= Ivor Davies (politician) =

British politician (1915–1986)

Davies in 1955

Ivor Roland Morgan Davies CBE (12 August 1915 – November/December 1986) was a British Liberal Party politician, journalist and United Nations Association administrator. Politically, his chief claim to fame was his decision in October 1938 to withdraw as Liberal candidate at the Oxford by-election along with the Labour candidate Patrick Gordon-Walker to allow an independent, Popular Front, anti-Munich candidate, A. D. Lindsay, the Master of Balliol, to challenge the government candidate Quintin Hogg.

==Background==
He was born at Pontrhydygroes, Cardiganshire, in August 1915, the son of an Edinburgh Congregationalist minister. He was educated at George Watson's College, Edinburgh and graduated with honours in history at Edinburgh University.

==Politics==
While at Edinburgh University, he was President of the Liberal Club and editor of their magazine. He was Chairman of the University Liberal Club from 1935 to 1938. He was President of the Union of University Liberal Societies from 1937 to 1938. He wrote on political and social questions.
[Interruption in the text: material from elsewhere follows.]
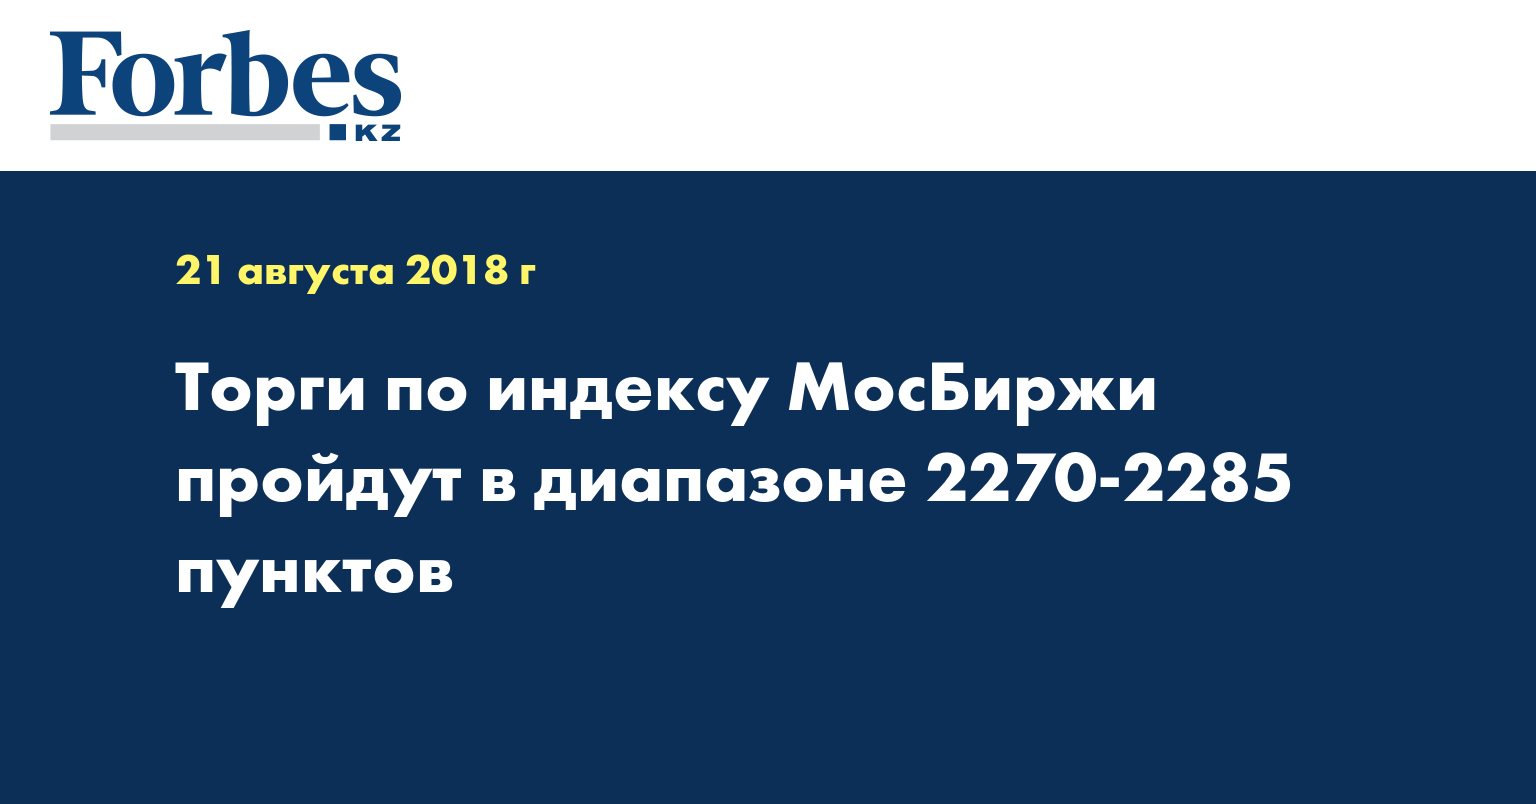 Торги по индексу МосБиржи пройдут в диапазоне 2270-2285 пунктов

In 1938 when Jo Grimond resigned as Liberal prospective parliamentary candidate for Aberdeenshire Central, Davies was selected to replace him for a general election expected to take place in 1939. However, in 1938 when a parliamentary vacancy opened at Oxford, and the incumbent Liberal prospective parliamentary candidate withdrew, Davies was selected by Oxford Liberals to contest the 1938 Oxford by-election. His only real connection with Oxford was that he had presided at a Liberal students' conference there earlier that year. Davies started his campaign but knew that the Conservative candidate would certainly hold the seat if the anti-government vote was split between himself and the Labour candidate. He offered to withdraw if the Labour candidate also withdrew in order for the two parties to support a joint candidate. This duly happened, but the Conservative still retained the seat against the political climate of Neville Chamberlain and his visit to Munich to meet Adolf Hitler. Davies resumed his role as prospective candidate for Aberdeenshire Central and eventually had the chance of contesting the seat at the 1945 General Election, but came third;

General Election 1945: Aberdeenshire Central Electorate 43,772
| Party |  | Candidate | Votes | % | ±% |
|---|---|---|---|---|---|
|  | Unionist | Henry Reginald Spence | 15,702 | 52.3 |  |
|  | Labour | D.S. Hay | 7,997 | 26.6 |  |
|  | Liberal | Ivor Roland Morgan Davies | 6,348 | 21.1 |  |
| Majority |  |  |  |  |  |
| Turnout |  |  |  | 68.6 |  |
|  | Unionist hold |  | Swing |  |  |

In 1950 he had published Trial By Ballot, a book giving his insights into the British electoral and political scene from 1918 to 1950.
Following boundary changes, he was Liberal candidate for the re-drawn Aberdeenshire West at the 1950 General Election. The new seat included part of the old Aberdeenshire Central seat where he stood in 1945. Despite this familiarity, he again came third;

General Election 1950: West Aberdeenshire Electorate 39,077
| Party |  | Candidate | Votes | % | ±% |
|---|---|---|---|---|---|
|  | Unionist | Henry Reginald Spence | 17,550 | 55.6 |  |
|  | Labour | Thomas Oswald | 7,298 | 23.1 |  |
|  | Liberal | Ivor Roland Morgan Davies | 6,740 | 21.3 |  |
| Majority |  |  | 10,252 | 32.5 |  |
| Turnout |  |  |  | 80.8 |  |
|  | Unionist hold |  | Swing |  |  |

He was a member of the national executive committee of the United Nations Association.
He did not contest the 1951 General Election. For the 1955 General Election, he was Liberal candidate for Oxford, where 17 years earlier he had briefly been candidate. He again finished third. At the 1959 General election he was again the Liberal candidate for Oxford, finishing third. In 1962 he was elected a member of Oxford City Council. At the 1964 General Election he fought Oxford for the third and final time, finishing third. He was always on the radical wing of the party and was in particular a supporter of nuclear disarmament being one time chair of Oxford CND. He was appointed a CBE for political and public service in 1984.

==War service and family==
During the war, Davies enlisted in the Royal Air Force and rose to Acting Flight Lieutenant, serving at home, in India and Burma where he was wounded. In 1940 he married Jean McLeod whom he had known from Edinburgh. They had two sons, Michael and John, who became a Labour Party politician, standing against Margaret Thatcher in Finchley in 1987 and a daughter Mary who like her father was president of the Edinburgh University Liberal Club and was an elected Liberal councillor in Havering.

==Business==
He worked as a journalist on the News Chronicle. He was a Director of a London publishing firm, and a Director of book distribution companies.